Hey reader, welcome to the š„ free edition š„ of my weekly newsletter. I write about ML concepts, how to build ML products, and how to thrive at work. You can learn more about me here. Feel free to send me your questions and Iām happy to offer my thoughts. Subscribe to this newsletter to receive it in your inbox every week.
Let's say you're building a machine learning tool that can look at a medical image and predict whether the patient has an illness. You have gathered a large number of images for your training dataset. And to gauge the accuracy of this tool, we count the number of times it's wrong on the test dataset.
There are two ways it can be wrong in its predictions:
The patient actually has an illness, but the ML tool predicts that they don't have an illness.
The patient actually doesn't have an illness, but the ML tool predicts that they have an illness.
In regular scenarios, both types of misclassifications are considered equally bad.

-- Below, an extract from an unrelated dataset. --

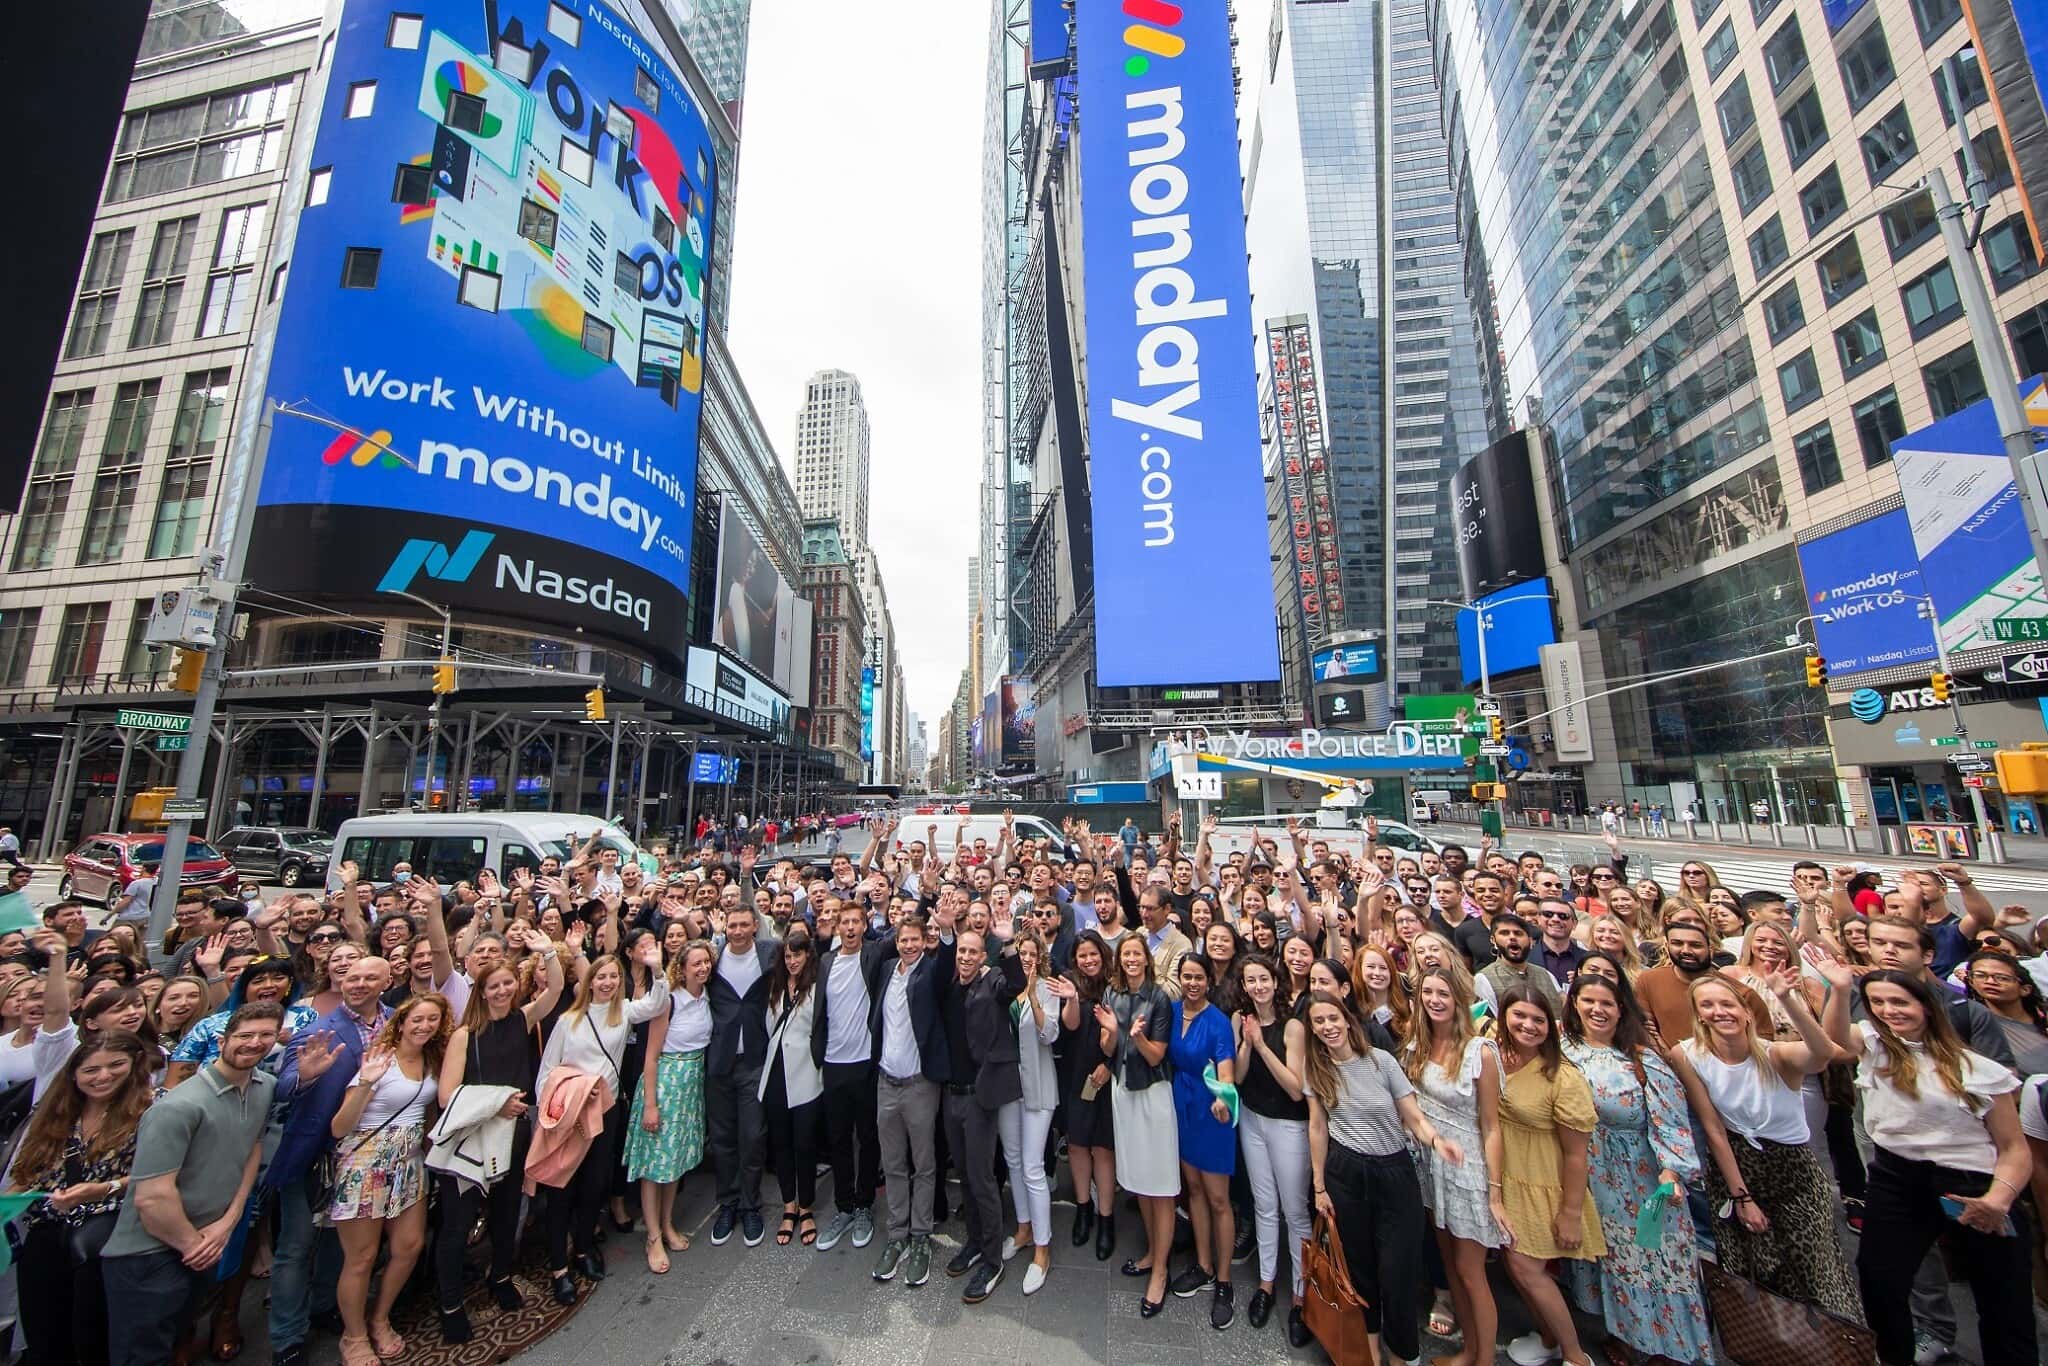 עובדי מאנדיי, סטרטאפ ישראלי, חוגגים בטיימס סקוור בניו יורק ביום ההנפקה של החברה בנאסד&quot;ק לפי שווי של 6.8 מיליארד דולר, 10 ביוני 2021 (צילום: מאנדיי)

But is that really true in this case? Clearly the first situation is way more dangerous than the second one. How do we build an ML model that takes it into consideration? This is where cost sensitive learning comes into the picture.
Why do we need it?
We need it in situations where one type of error is more expensive than another type of error. Such problems are called "cost sensitive" because we need to give different weightage to different types of errors when we train the model.
Let's say that we build a model using our regular methods and determine that the overall accuracy of the model is 90%. That means it misclassifies 10% of the time. Now what if out of that 10%, 9.9% is due to the ML tool missing out on the illness when the patient actually has it. The patient might incorrectly think that they're safe, when in fact they're not. This is dangerous.
Cost sensitive learning provides a framework to build a model that account for this.
How does cost sensitive learning address this issue?
Cost sensitive learning addresses this issue by allowing us to assign different weights to different types of misclassifications. It is closely related to imbalanced learning where we have to build classification models using datasets where we have way more samples of one kind vs the others.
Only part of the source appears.